Business use cases for Wilcoxon signed-rank test The Wilcoxon signed-rank test is generally used for non-parametric data (i.e. not normally distributed). When the sample gets large, the data will be approximately normally distributed. Therefore there is no need to use the Wilcoxon signed-rank test, and a parametric test would be preferred.
Considering this, the Wilcoxon signed-rank test would be most appropriate where we cannot get a large sample, and the sample is not normally distributed. (Please correct me if I am wrong).
Could you suggest to me a couple of business use cases for the use of the Wilcoxon signed-rank test?
 A: "When the sample gets large, the data will be approximately normally distributed."
This is absolutely not true, so the rest of the question is based on a false premise. There is no reason to expect a large sample up be any closer to Normal than a small one. Perhaps you've misunderstood the central limit theorem?
A: The gist of (good) nonparametric tests is that they are almost (but not quite) as good as parametric tests when the parametric assumptions are met, but they can blow away parametric approaches when the parametric assumptions are false.
Yes, t-tests have good robustness to deviations from normality, but this has to do with the type I error rate. The power can be quite poor, especially if you badly deviate from normality; for instance, log-normal distributions can have rather slow convergence, despite meeting the assumptions of the central limit theorem.

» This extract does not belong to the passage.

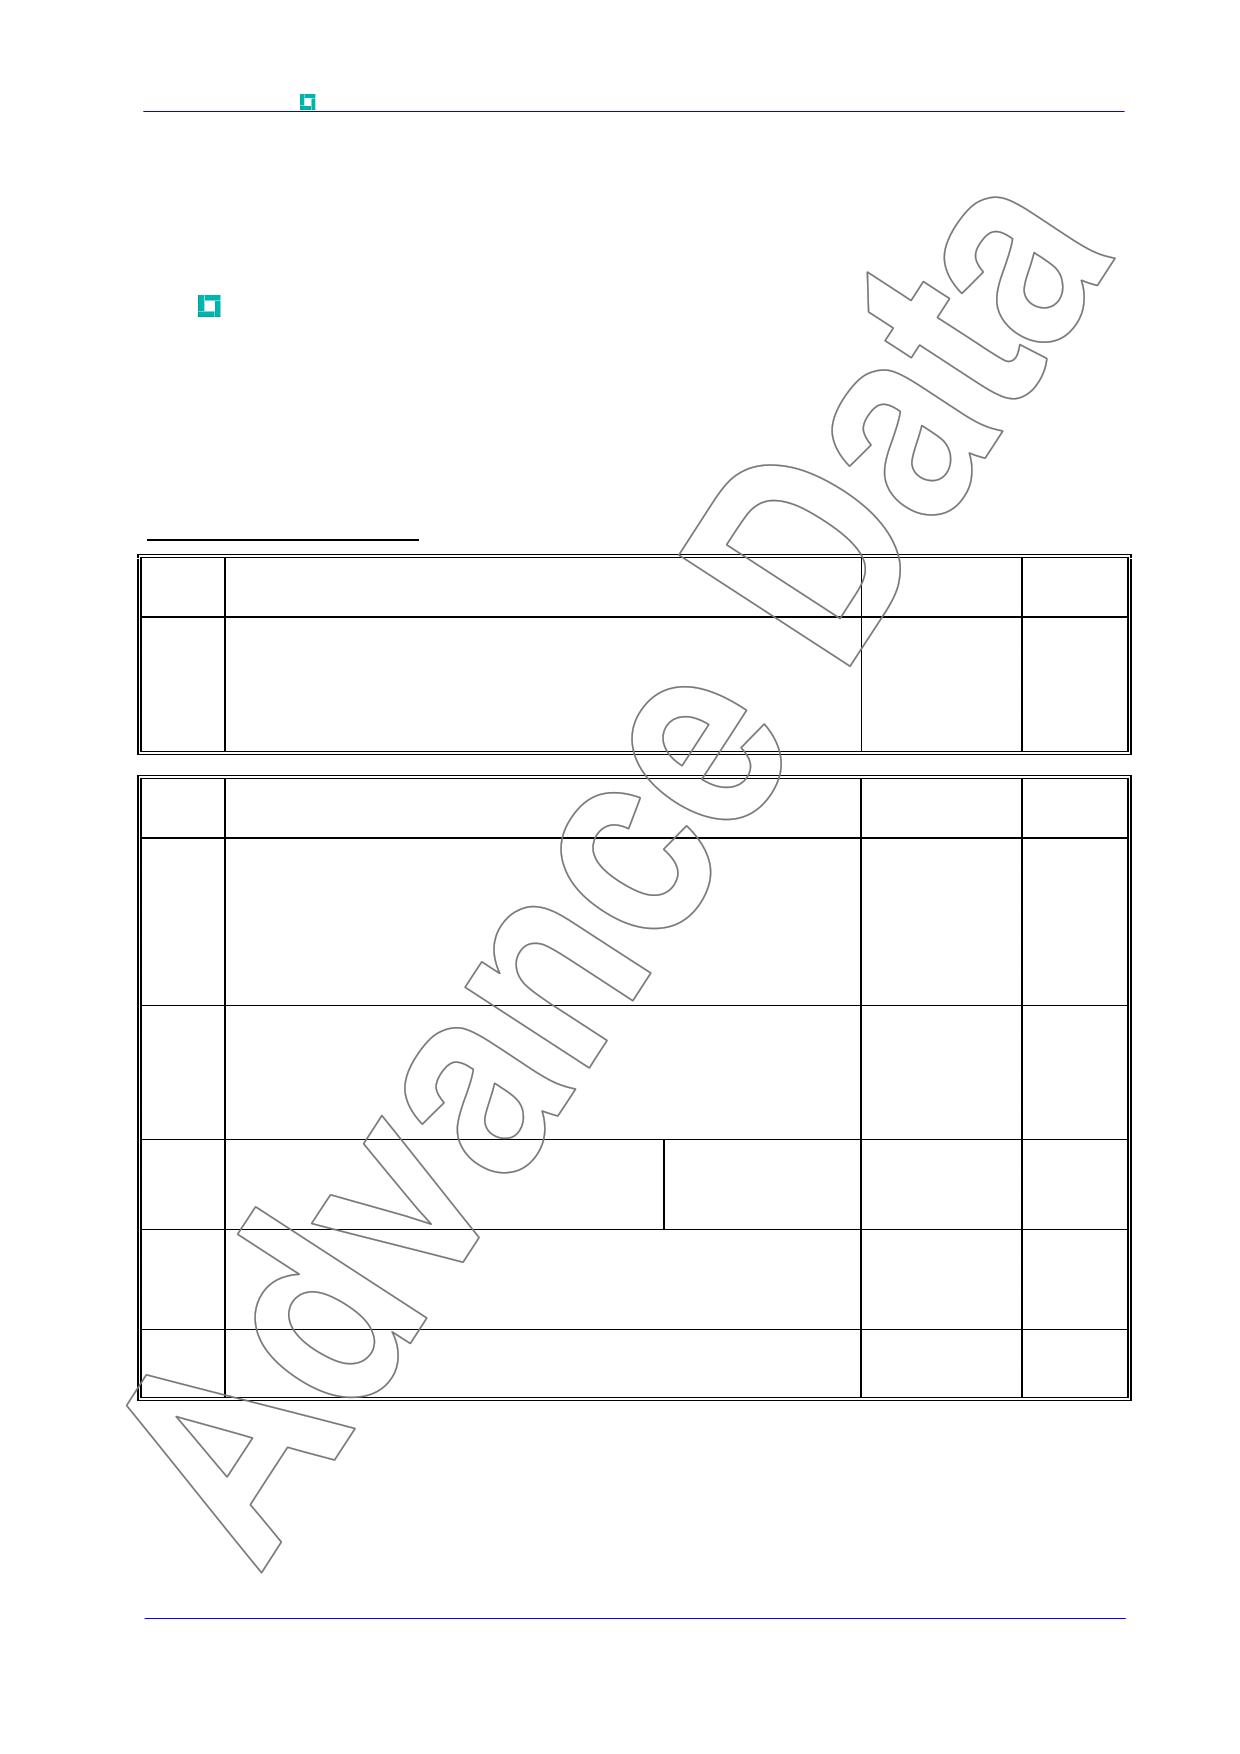 K0885NG520 datasheet

I’ll close with a link of possible interest.
A: One example application of the Wilcoxon signed-rank test is for comparing the performance of two classifiers across multiple datasets. See e.g. Demšar, "Statistical Comparisons of Classifiers over Multiple Data Sets" JMLR 2006.
It is argued this is better than the (often-used) t-test because the t-test assumes a normal distribution and commensurate differences in performance across multiple datasets.